74952.fb2
«Дионисийские восторги взрастили в человеческой душе две мировые идеи: идею чуда и идею тайны. Все обращалось в чудо перед взором оргиаста, и все обещало ему чудо. Все было маской и загадкой, и каждая сорванная маска обличала новую загадку…»
Дионис — многоликий, вечно умирающий и вечно рождающийся бог, — был для греческого мифа логически необходимой и неизбежной фигурой. В упоминавшейся уже книге В.Иванова «Дионис и прадионисийство» с великой тщательностью прослеживается история включения прадионисийских (до-дионисийских по времени, и все же дионисических по духу своему) культов, а также учения орфиков о жизни и смерти в позднейшем культе Диониса. Этот культ был необходим, потому что эллинская религия содержала внутри себя два разрывающих ее противоречия. Первое заключалось в том, что боги — нетленные и неизменные сущности, вечно блаженные и чуждые страданию — в мифах оказывались ввергнутыми в страсти, безумие и даже смерть. У Каллимаха:
Умирают титаны и нимфы, показывают гроб Афродиты на Кипре, гроб Ареса во Фракии, гроб Диониса в Дельфах, Гермеса в Ливийском Гермополисе…[23, c. 307]

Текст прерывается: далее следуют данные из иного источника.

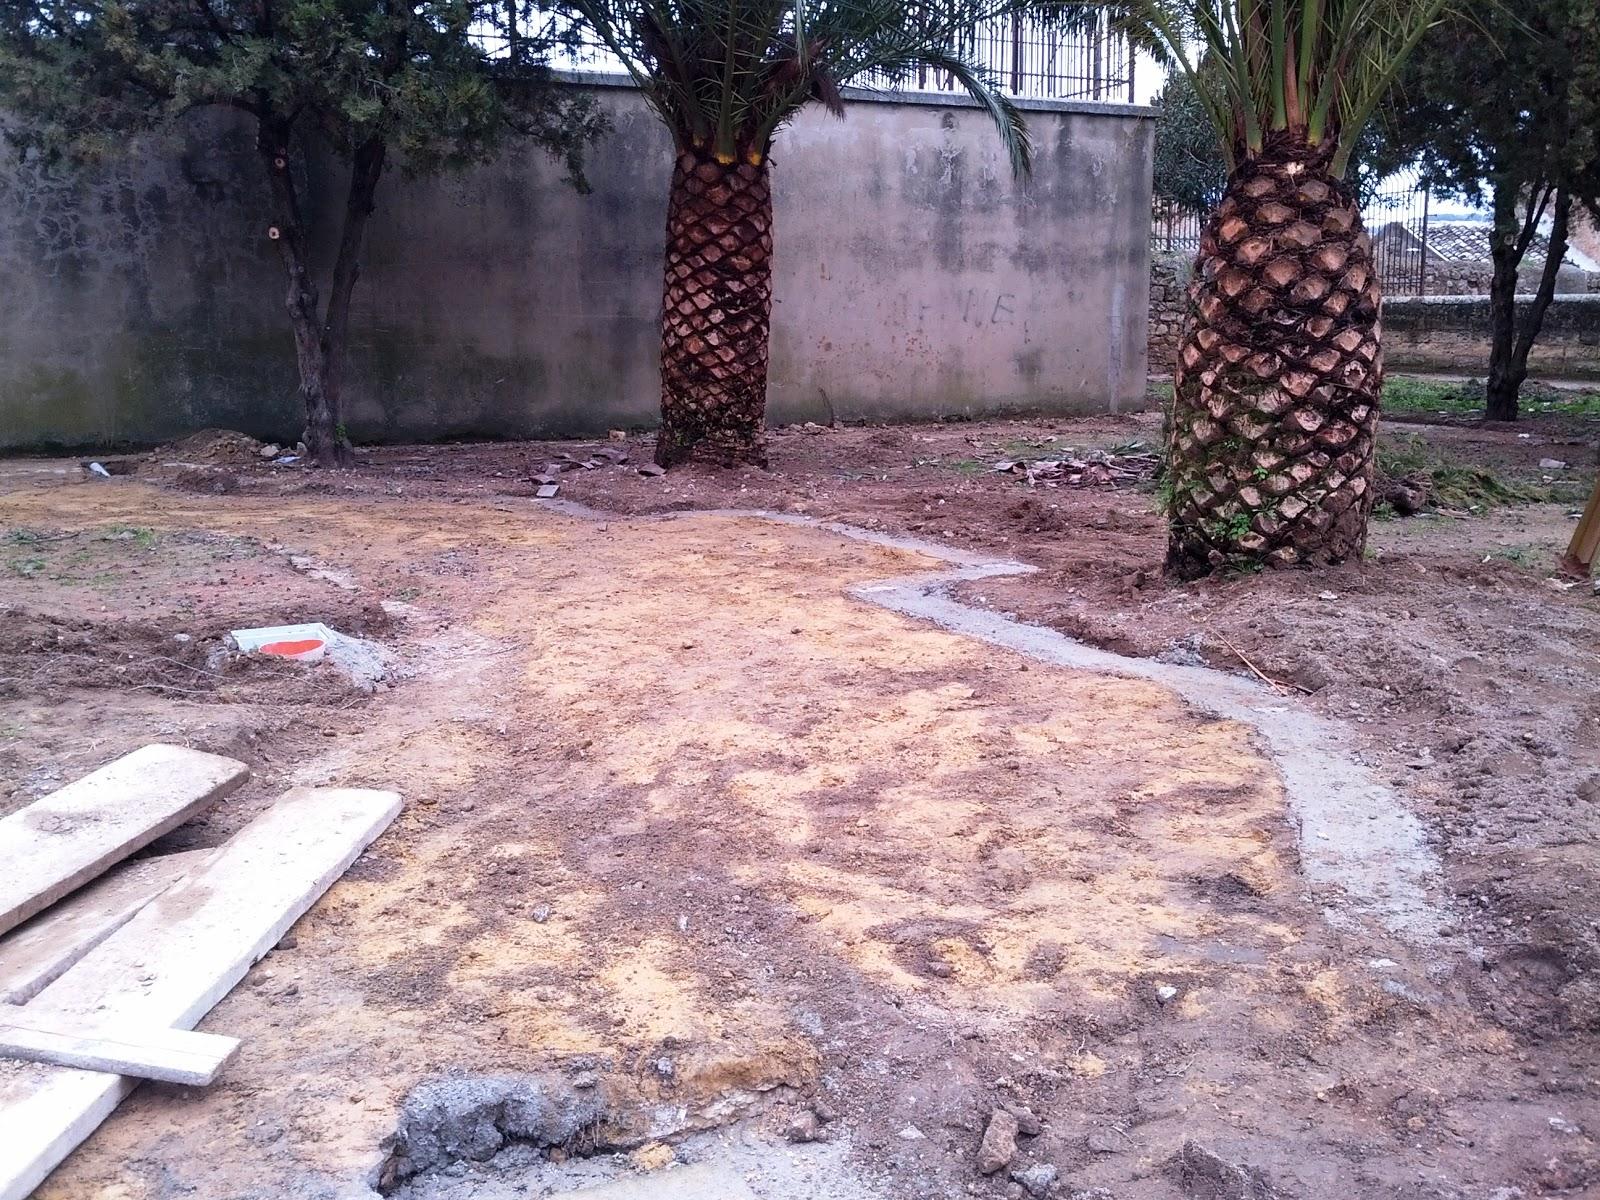 Nobile quartiere monte mira giardino scibona lavori in corso - Lavori in giardino ...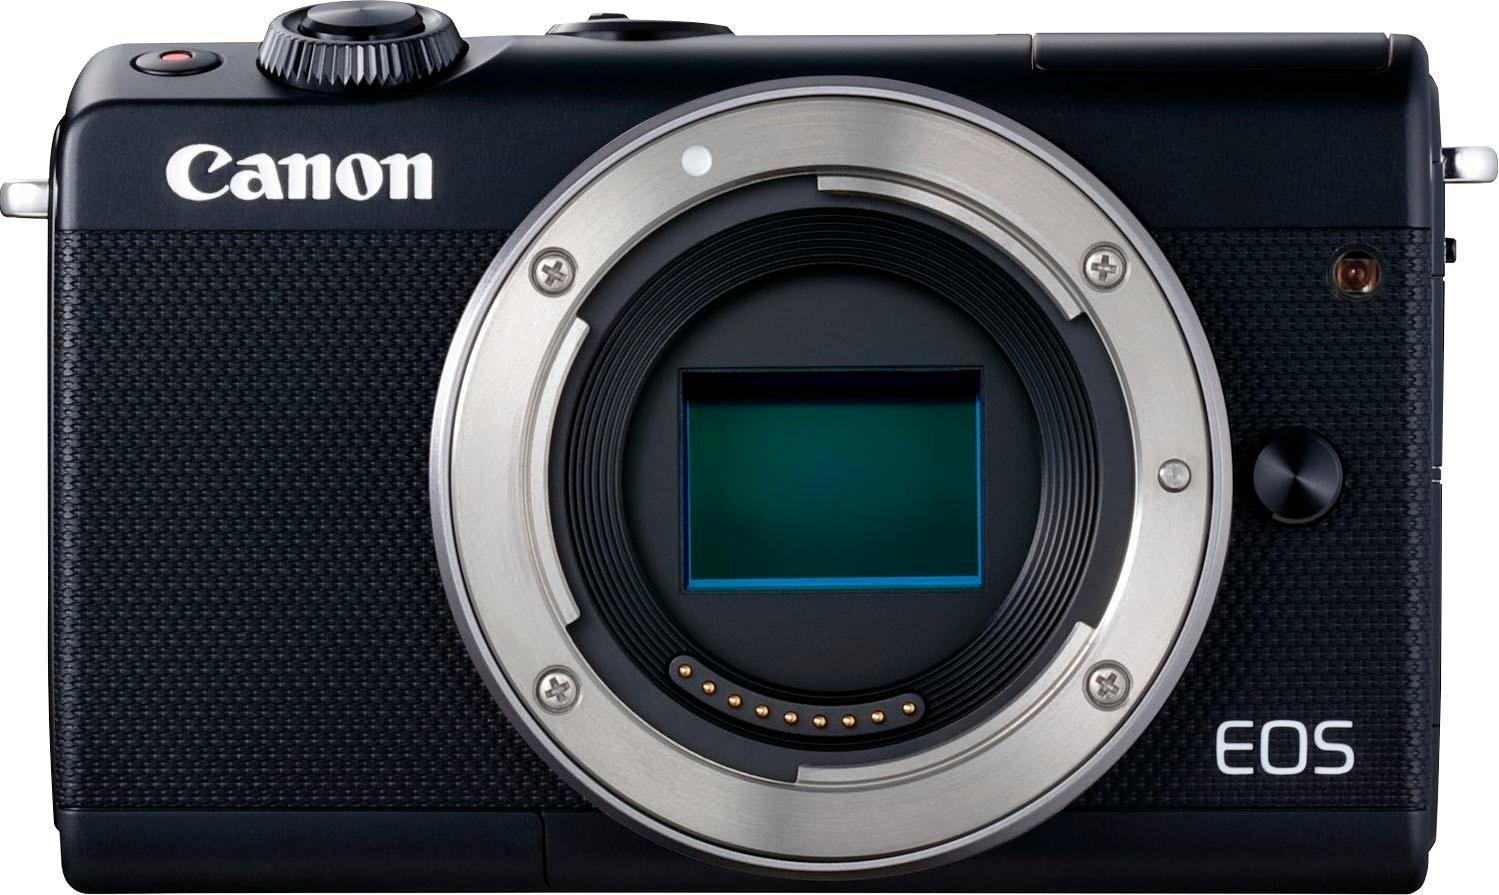 Canon »EOS-M100« systeemcamera (Canon EF-M 15-45 mm IS STM, 24,2 MP, wifi (wifi) NFC bluetooth) bestellen: 14 dagen bedenktijd

Второе противоречие, не менее жестокое и разрушительное, состояло в том, что Зевс сумел свергнуть своего отца Кроноса, как Кронос в свое время сверг Урана, а это значит, что может найтись Бог, способный сокрушить и его. Власть Зевса не вечна, о чем с такой страстью говорит эсхиловский Прометей. («Прикованный Прометей.») Что это означает для всей религии, понятно: либо она — чистое суеверие, либо ее боги — не абсолютные сущности.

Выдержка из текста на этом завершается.